The biggest revelation I’ve had lately is that I really just wanted to be a ski bum. There was no indication of that EVER in my life, but the more I’ve thought about it, the more I see the truth in it.
We get shoved in all kinds of directions in our lives. If we’re a little more intelligent than average, we’re “college bound.” If we’re a little more responsible than average, we get to “look after your little brother.” If we have talent, we need to “do something with it.” That summarizes my non-ski bum life. And then there’s gender. “Kaitlyn” Jenner? What an idiot. The advantages in this world of being male are really off the charts and at HIS time (and mine)? Oh Honey. Don’t get me started.
I wonder how many of us grew up to be something different from our basic nature. When I was a kid, and was allowed to run and play (I’d had rheumatic fever so for a few years of my childhood, I was kept pretty quiet), I did it with a vengeance. I practiced baseball alone in my backyard for hours every day — throwing the ball up, hitting it and chasing after it. I loved the game. I loved running, hurdles, and high jumping. I loved riding my bike. I loved going as fast as I could go everywhere. I loved sledding narrow paths with sharp curves. I ran a 59 second quarter mile when I was 13.
Even after I grew up, I never stopped moving. For years I ran the dusty trails of a San Diego urban wilderness park. On mountain bike rides I’d cruise down a hill thinking, “This is like skiing!”
I don’t think my nurturers, well, the dominant, female nurturer, anyway, ever looked up to see what her daughter was actually doing. I think parents need to pay attention to what their children DO on their own time of their own free will and if it’s a good thing, they should get behind it. When I was a kid, there were few opportunities for girls in sports, anyway. I don’t think most parents commonly saw it as a direction for their daughters other than, maybe, gymnastics or figure skating. I ended up kind of lost inside and not fitting in outside. My whole career — which I loved — I had the feeling I was out of place. If I’d paid attention, there were many junctions in my life when I could have changed course.

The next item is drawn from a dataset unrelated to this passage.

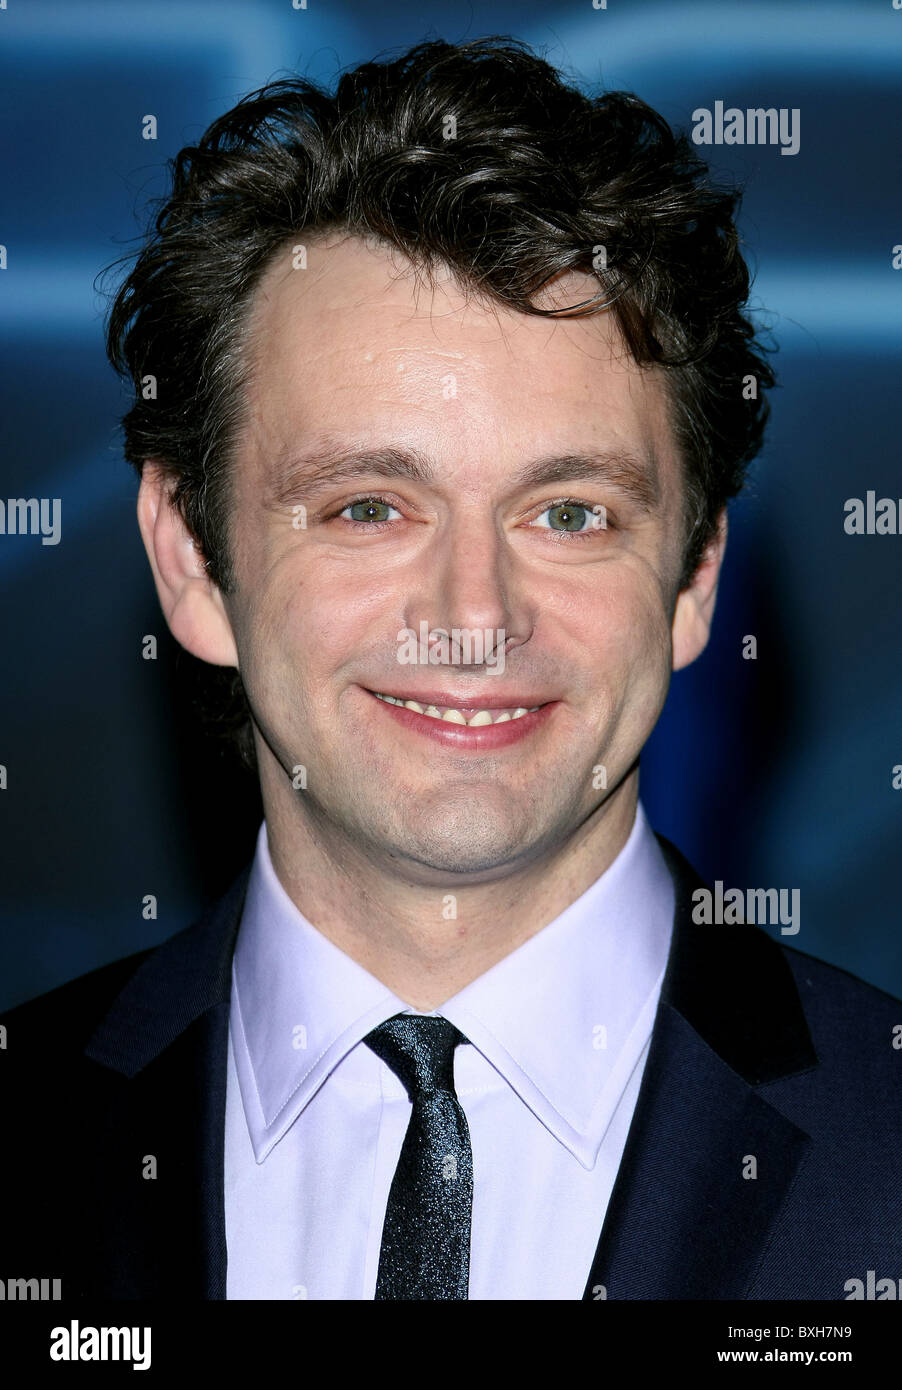 MICHAEL SHEEN TRON: LEGACY WORLD PREMIERE HOLLYWOOD LOS ANGELES CALIFORNIA USA 11 December 2010 Stock Photo

I’m not whining or blaming my parents. My life has also had lots of circumstances that I could not have turned away from easily and also made it difficult for me to see exactly what I did love. But next time, I’m paying better attention. 🙂
6 thoughts on “Next Time”
Way before “gifted” programs existed my (much) older brother and I were put through a series of tests and pronounced “genius level.” Upon hearing the results, my mother turned to me and pronounced “David is the REAL smart one,” despite our test scores being identical. We are products of our time and place…
Exactly the same story in my family. “You’re not that smart. Your brother is the truly smart one.” I am pretty sure our scores were close if not the same. I get it now; she was getting me ready for wifedom and motherhood. We are definitely products of our time and place. I was such a good ball player — and all around athlete — that though I couldn’t play on my brother’s baseball team, the coach said, “Get Kennedy’s sister in here to hit balls for fielding practice.” We are certainly the products of our time and place AND the time and place our parents believe will last forever.
I just did everything that was expected of me, but mum and dad just let me get on with it. No pronounced encouragements, or do you homework. I did it in any case, but to be quite honest I would have appreciated some interest being taken in what I was doing. They did not see to realise that it was part of growin up to be told. Others would be glad to have no moaning from the partents, I missed it a little.
Yeah. My mom never praised me for anything except cleaning the kitchen. My dad encouraged me in anything I did, but by the time I was at the point of making decisions and taking direction in my life, he was pretty much out of the picture. Now I think back on his advice and realize he was completely right. I didn’t follow it.
I guess I was lucky. I wanted to be a writer. I became a writer. Not quite the writer I expected to be, but someone who earned a decent living writing. In our generations, that was pretty good.